How do I refer to extracted start and end dates in order to sample a timeseries with date_range?
I get now 'DataFrame' object has no attribute 'date_range'.' (I would be happy with any solution that does not cause error with the sampling start and end dates that differ typically for different SNs).
In:
import pandas as pd
import numpy as np
df = pd.read_csv("csv.csv", sep=';', error_bad_lines=False)
df['TimeDate'] = pd.to_datetime(df['TimeDate'],dayfirst=True)
gdf = df.groupby(['SN'],as_index = False)
dates = pd.DataFrame(gdf.nth(0)) # pd.DataFrame used here to avoid a SettingwithCopyWarning.
dates['StartD'] = gdf.nth(0)['TimeDate'].array
dates['EndD'] = gdf.nth(-1)['TimeDate'].array
# Little bit odd -> managed to write the first rows only.

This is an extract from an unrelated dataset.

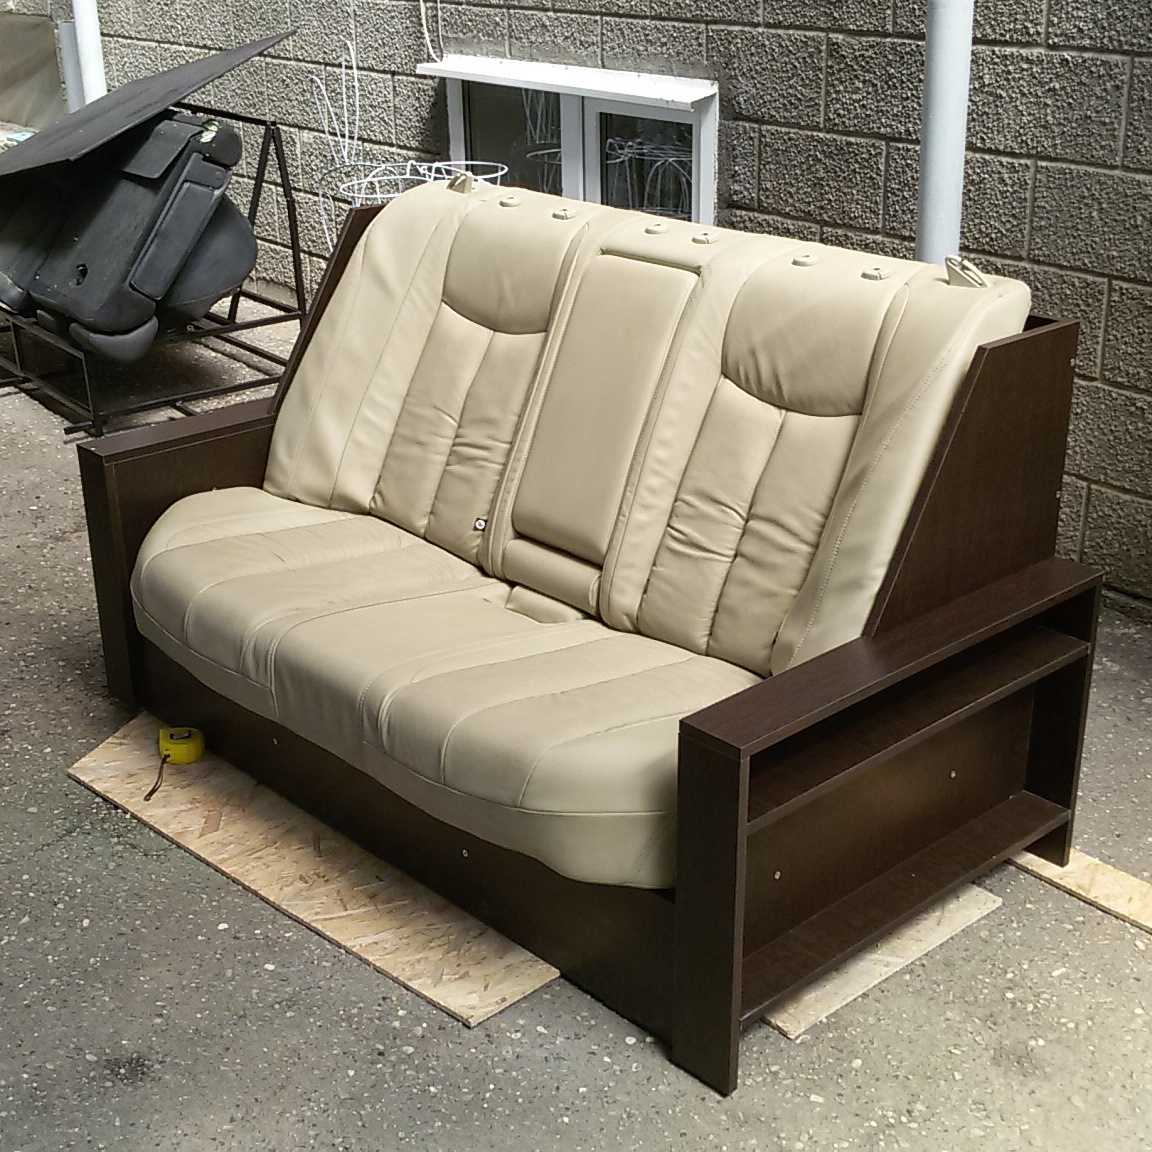 Где можно поставить диван из багажника авто 🦈 avtoshark.com

df = df.join(dates.reindex(columns=['StartD', 'EndD']))
# Grouping by 'SN'. -> Trying to samnple
gdf = df.groupby(['SN'],as_index = False)
for k, gp in gdf:
print('key=' + str(k))
print(gp.date_range(start=gdf['StartD'], end=gdf['EndD'], freq='D'))
Out:
SN TimeDate ... StartD EndD
0 sn000066 2016-09-28 00:01:00 ... 2016-09-28 00:01:00 2016-10-03 23:59:00
1 sn000066 2016-09-29 00:01:00 ...
...
n sn000066 2016-10-02 00:01:00 ...